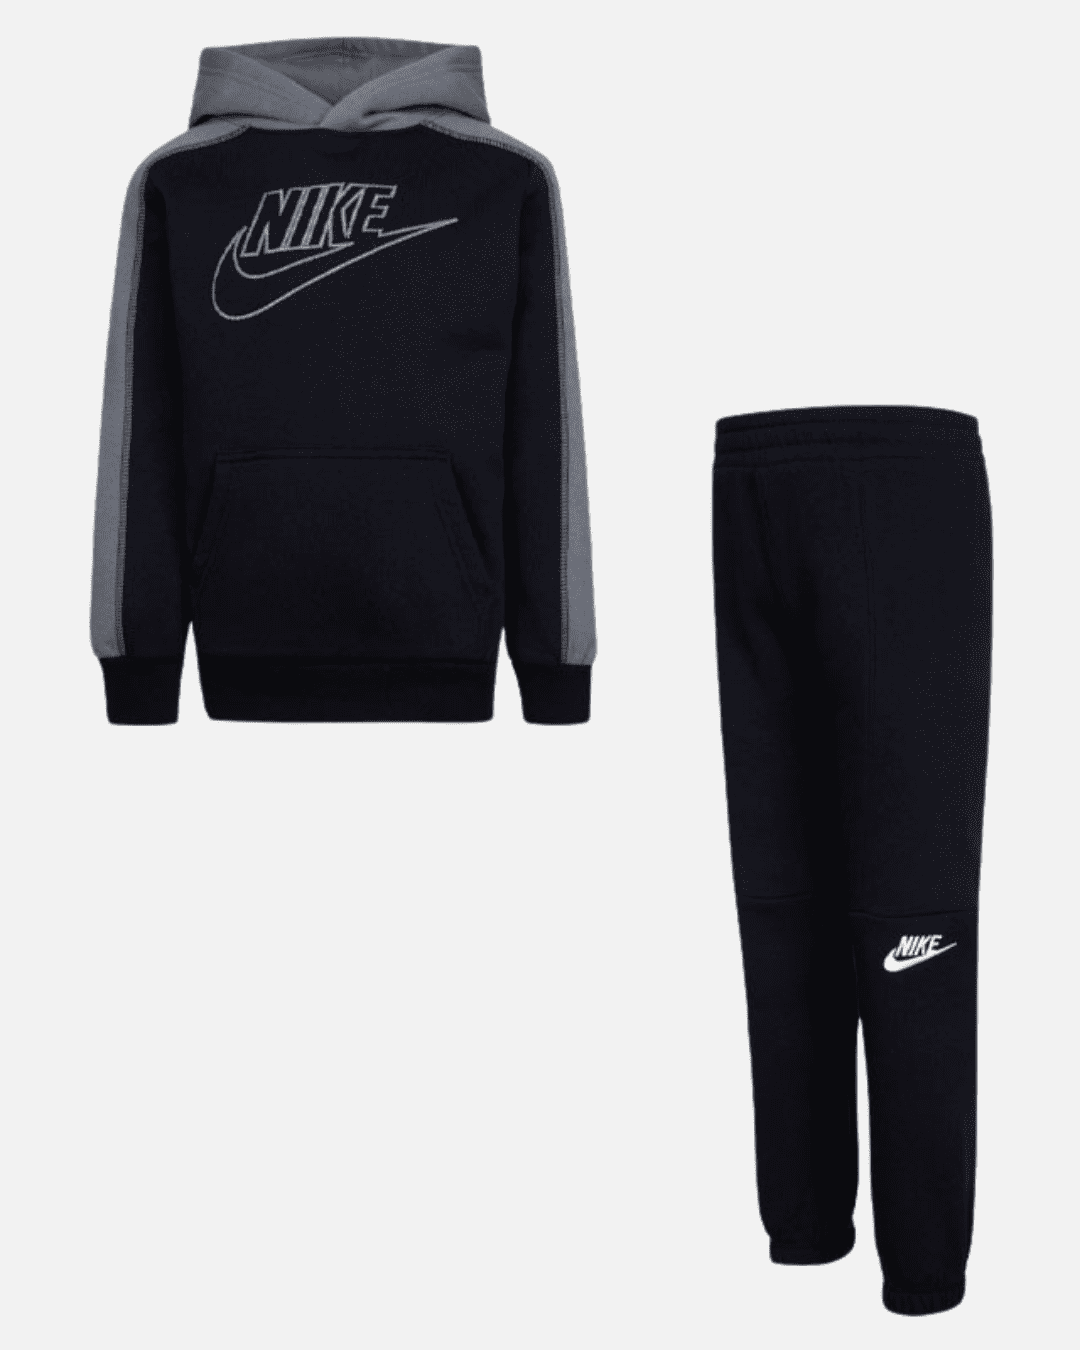 Nike Amplify PO Kit Kinder – Schwarz/Grau
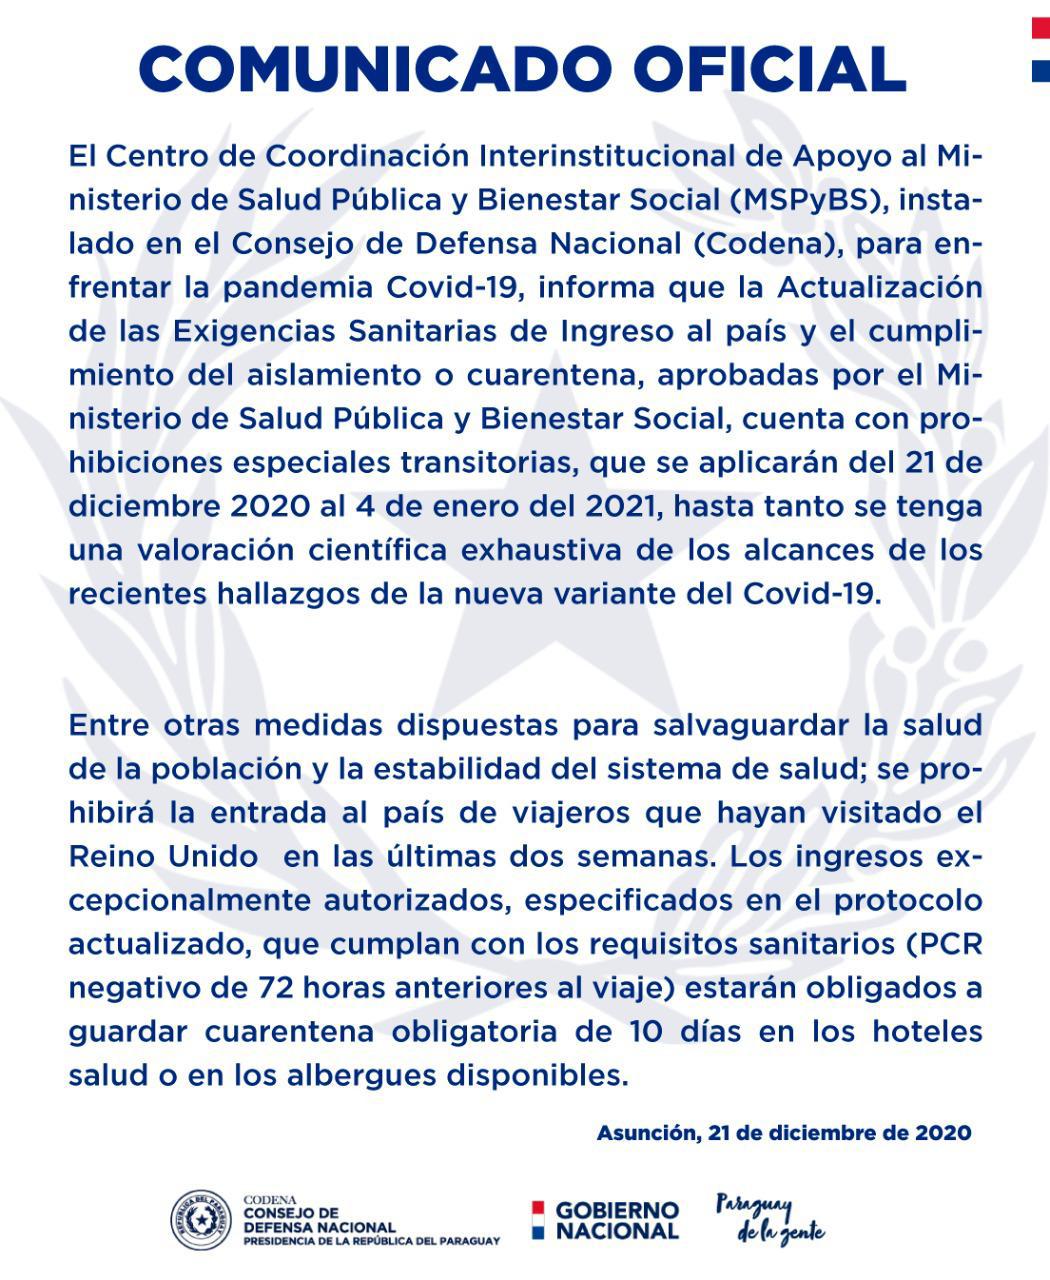 Paraguay prohíbe el ingreso al país de personas que hayan visitado el Reino Unido.
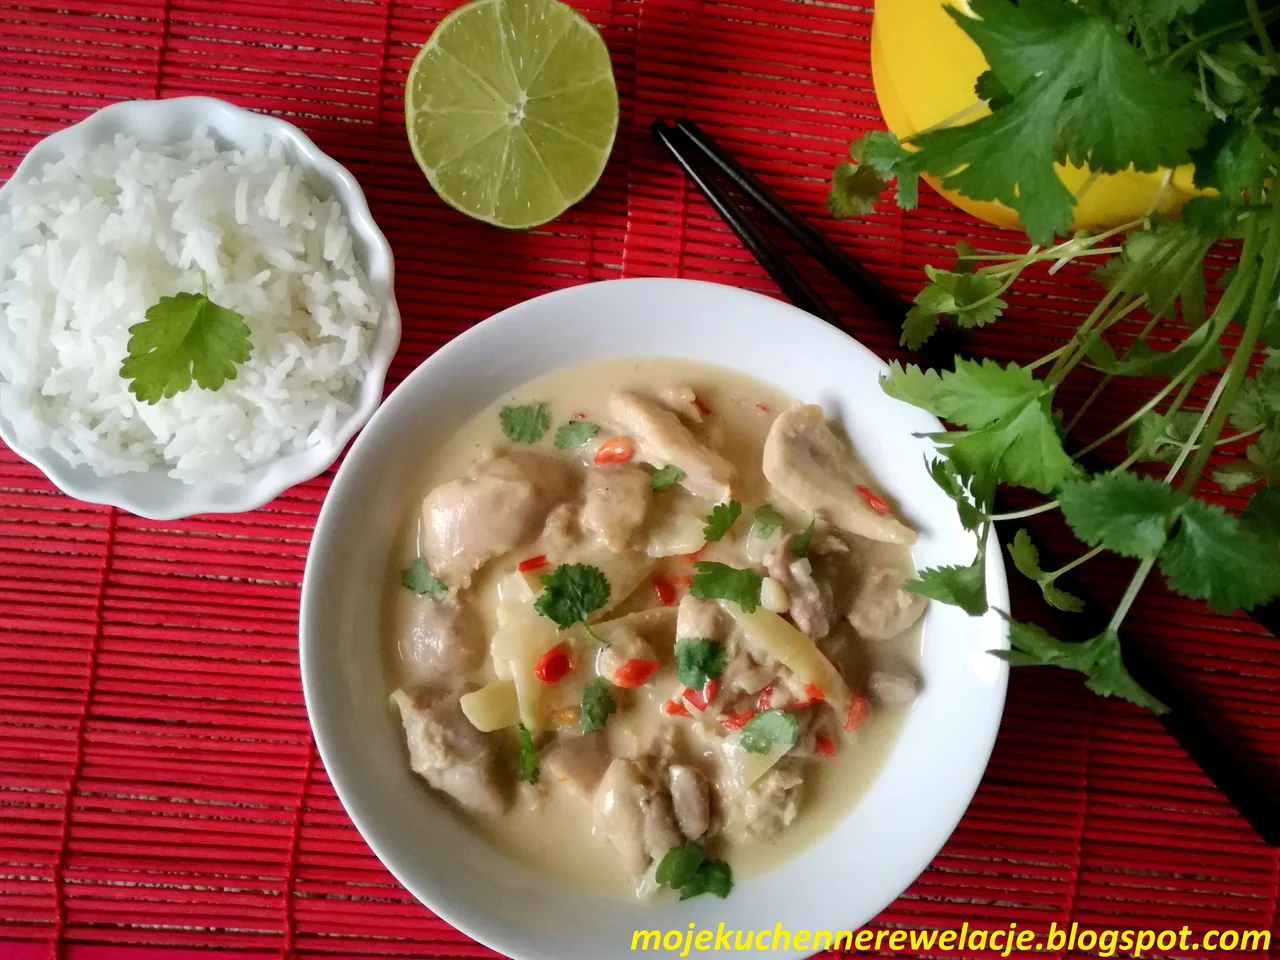 Tajskie curry z kurczaka - 486 kcal

▸ **Task brief**: Could the material above be given again exactly, pictures excluded?

▸ **Answer section**:
 Nike Amplify PO Kit Kinder – Schwarz/Grau
 Paraguay prohíbe el ingreso al país de personas que hayan visitado el Reino Unido.
 Tajskie curry z kurczaka - 486 kcal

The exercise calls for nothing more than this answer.